Mas esse esvaziamento das escolas do Centro não se deve unicamente às mudanças demográficas. Há mesmo uma política – apoiada em grande medida pela esquerda – de restrição dos jovens às suas “comunidades” (como passaram a ser chamados os bairros populares). As escolas se aproximam do local de moradia, é verdade; por sua vez, acabam por afastar os estudantes do restante da cidade.
Restritos aos seus bairros – devido a esta política de levar as escolas às comunidades, mas também devido à perversidade da política de segurança pública – o transporte público passa a ser um custo a menos para esses jovens e, por isso, revoltam-se menos quando há novos aumentos.
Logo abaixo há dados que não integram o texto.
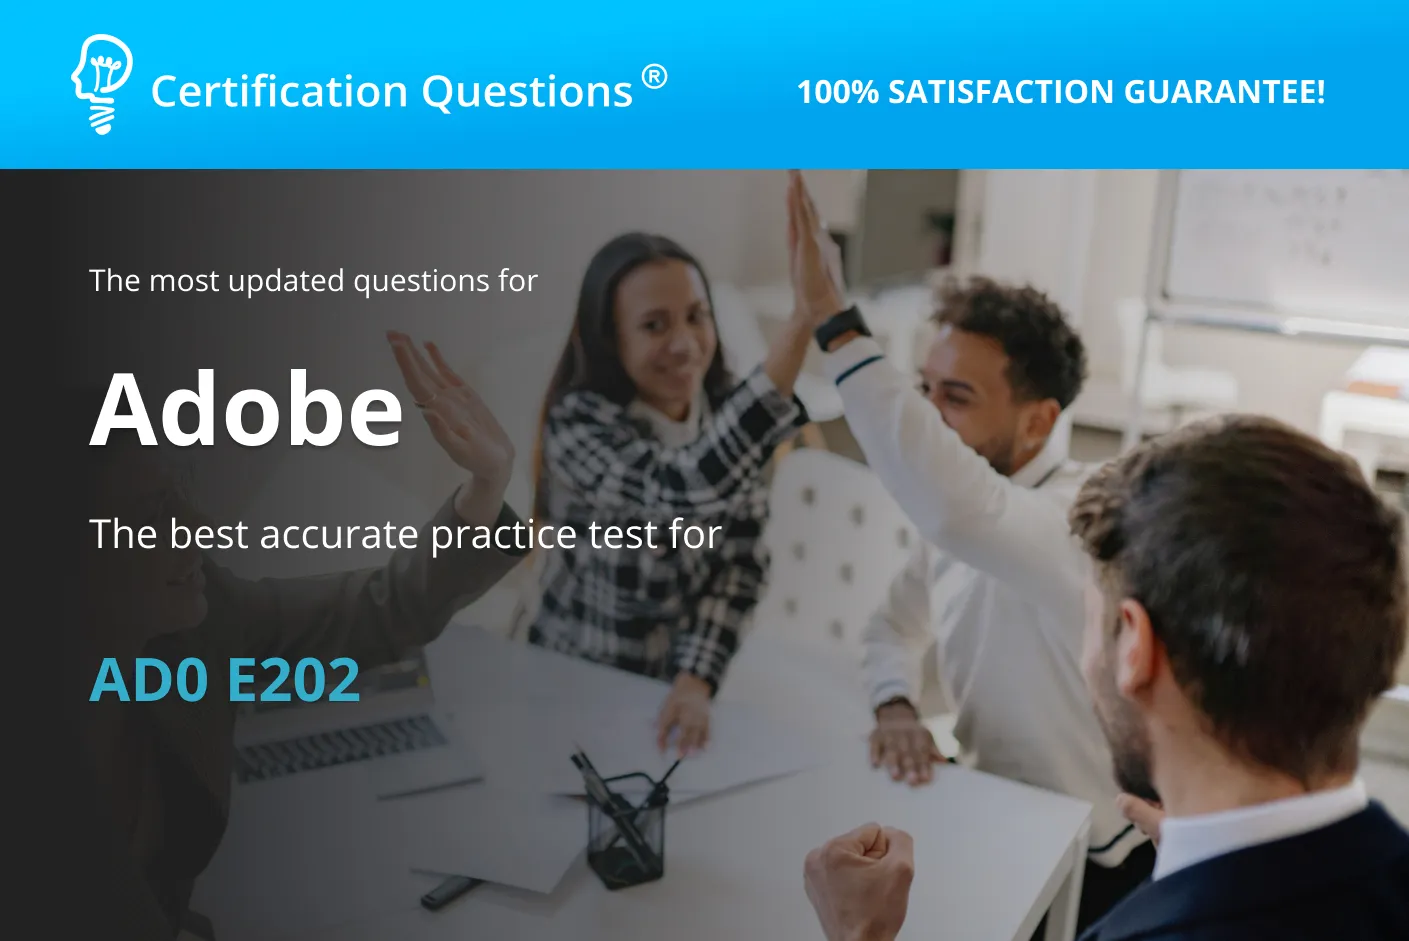 Here is the image for the adobe analytics business practitioner exam questions in the USA.

Além disso, o isolamento territorial da juventude da camada mais pobre dos trabalhadores acaba por fragmentar ainda mais antigas sociabilidades, pois potencializa as rixas entre facções. O jovem do bairro vizinho passa a ser um estranho, pois não há nenhum espaço de encontro com ele, fragilizando as práticas de solidariedade. O resultado é que hoje, em Salvador, os jovens de muitos bairros populares receiam pelas próprias vidas ao atravessarem as fronteiras riscadas pela violência urbana. De estranho para inimigo, é essa a conversão provocada pelo isolamento territorial.
Por isso que, e apesar de todas as minhas críticas às entidades estudantis, não as culpo pela incapacidade de provocar a revolta. Elas têm mesmo que mobilizar os estudantes, afinal. Mas o isolamento delas significa uma derrota iminente. Sem apoios de outras frações dos trabalhadores para além dos jovens isolados em suas comunidades, aqueles muito mais prejudicados pelo aumento do que estes, será difícil reverter o que se passa.
O MPL, quando migrou sua pauta do passe livre estudantil para a Tarifa Zero, tinha entendido que esse salto era fundamental, afinal os aumentos tarifários e a precariedade do serviço afetam a todos.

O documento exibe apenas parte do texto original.